Every time that I went to Best Buy, I'd browse through every rack in the CD section, I'd flip past this album and give a little smirk. I knew that I'd inevitably need to buy this album, but for now, I had other purchases to make. And so we did our dance for a few months, until finally it had reached the top of my purchase queue. And what a rewarding purchase it was. This one is Top Ten album in my life. Most fans tend to like the Modern Lovers stuff the most, but I don't understand how this couldn't not be anyone's favorite. Every time I listen to it, I do a little fainty twirl and fall prostrate to the ground.

So, the song that I picked to muse about today doesn't even come from "Surrender" so why am I going on so much about it? I don't know. That's the Origins part of the story.

I sat on this album for a few years and didn't explore much else. I bought a few albums, but I never really listened to them. In 2000, I found Gram Parsons and that's when my love affair with country music (aside from Wilco's A.M.) really went into full bloom. So, I did the country thing and a few years later, I decided that I needed to finish my Jonathan collection and I was thrilled to find that he had an album called "Jonathan Goes Country." Could there have been a better idea?
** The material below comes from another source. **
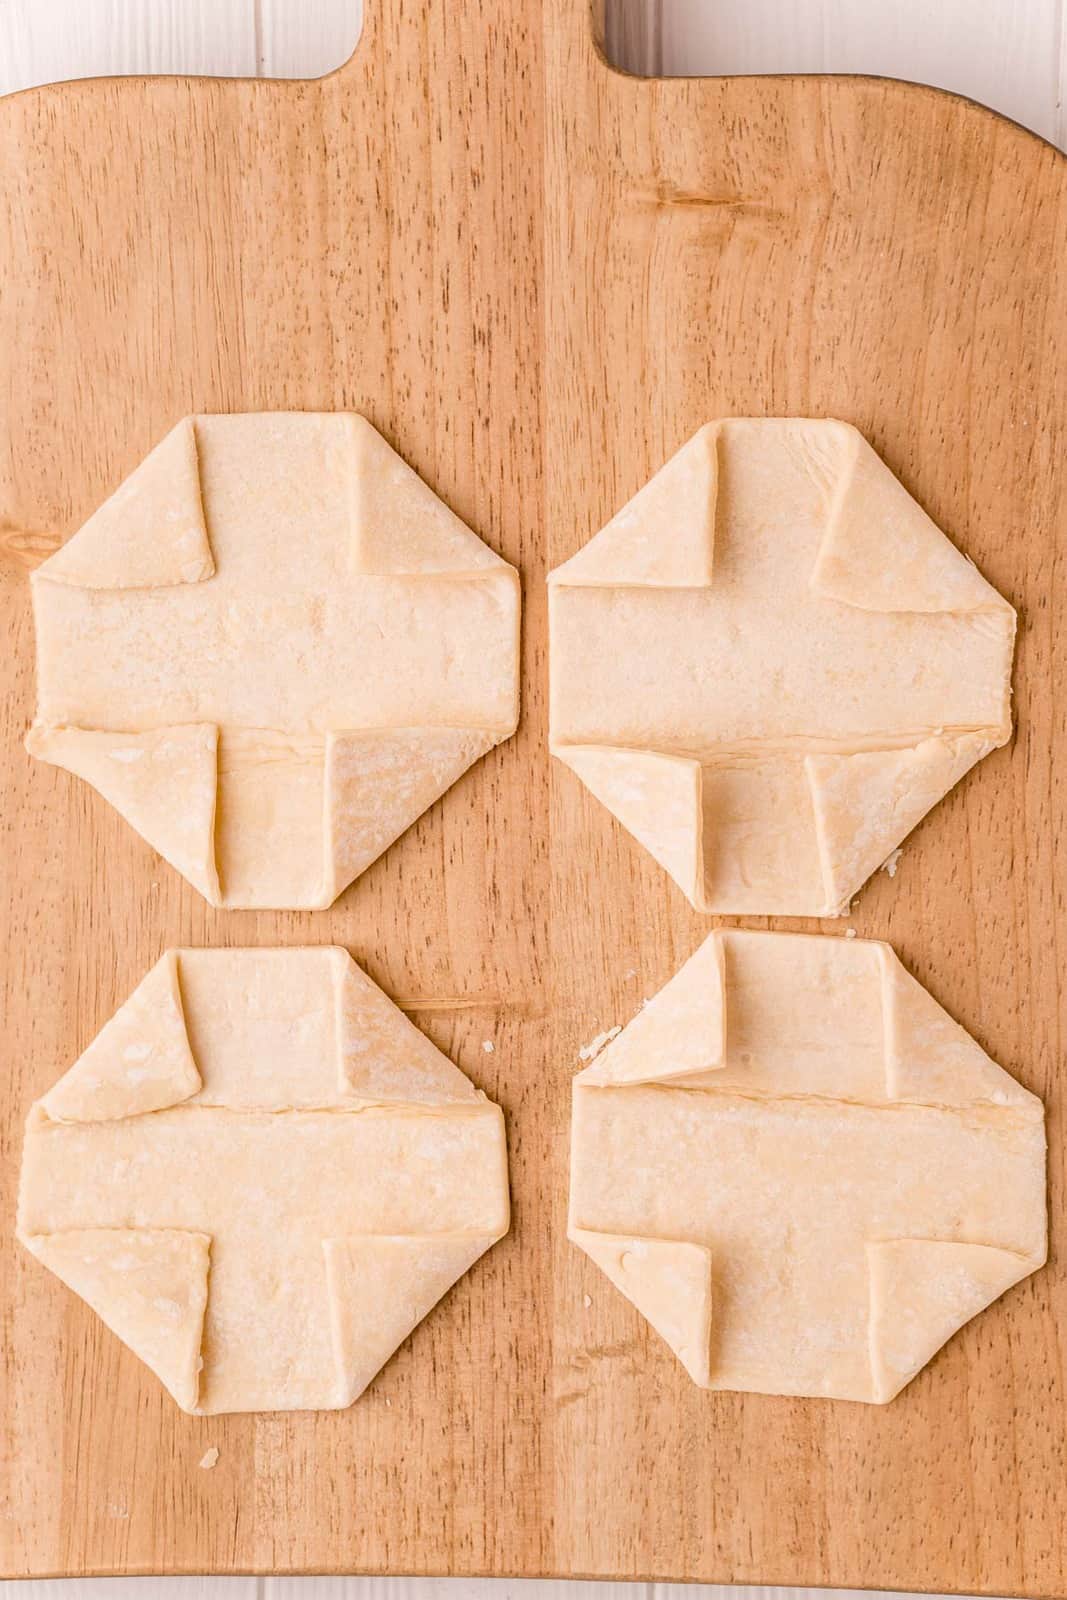 Puff pastry squares with edges folded in on wooden cutting board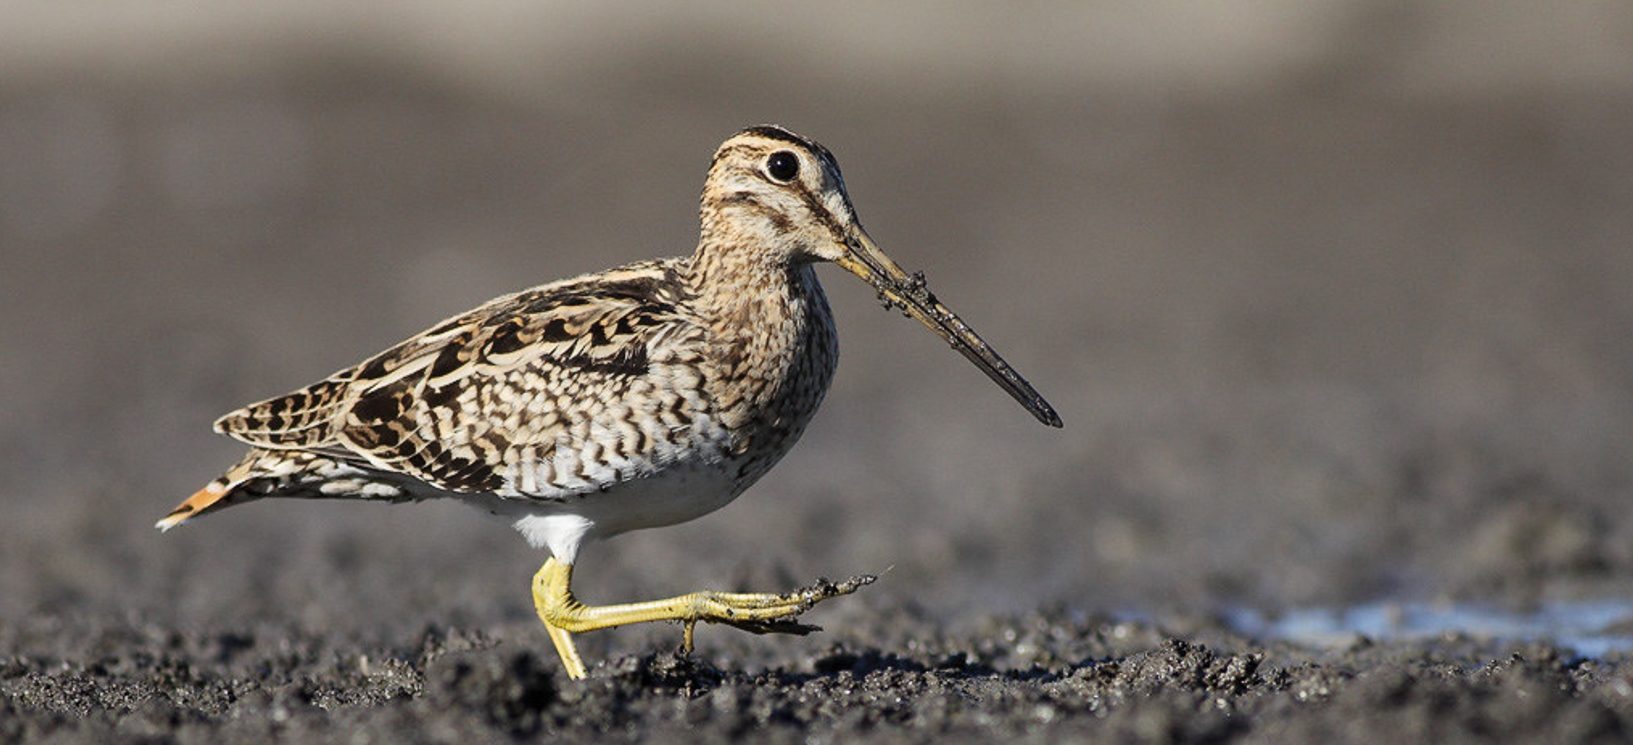 The Latham's snipe migrates 8500km from Hokkadio, Japan, to Jerrabomberra Wetlands annually in spring.

Not to me.

[As an aside. I don't know the proper usage of quotes, underlines or italics anymore.]

"Since She Started To Ride" epitomizes Jonathan for me. It seems that Jonathan's character has lost his love to a horse. She'd just much rather be out on the farm "grooming and graining. " God, this is poetry. I've emboldened some real choice lines:

She's got a brown suntan starting just above her collar
Her lower arms they're brown, but the rest is kinda pale
She'd buy Betadine if she only had a dollar
And she'd live out in the pasture if she only had a tail.

And no I don't see her much since she started with horses
No I don't see her much since she started to ride.

Well her jeans they get like a wet saddle blanket
And her boots are like you'd figure
And her car is full of hay
Horses, humans if she had to rank it
You'd bet on they that canter
And them that need fly spray

And you see I don't see her much since she started with horses
No I don't see her much since she started to ride

Candle and fender, barrel and mane
Don't see her much since she started to train
Cannon bone, knee bone, forearm and arm
I don't see her much when she heads for the barn
And she's so satisfied when she's riding and training
She must just love that smell of the barn I would say
She's so satisfied when she's grooming and graining
And she's tired in the evening and she's gone in the day

And no I don't see her much since she started with horses
No I don't see her much since she started to ride.

What is a betadine? I think that was in a Blue Angels thing.

Also of note is how he leads the players into the Solo section..."Go boys...tell 'em all about it!"

Now, I'm not saying that he was the first to use some words of encouragement to push his band into a solo, but when I first Jonathan do this, I knew that I would have to do the same in nearly every song I'd write from there on out. "Michael Junior Gittings on the guitar!" That sort of thing.

Hey, look. It was great talking with you.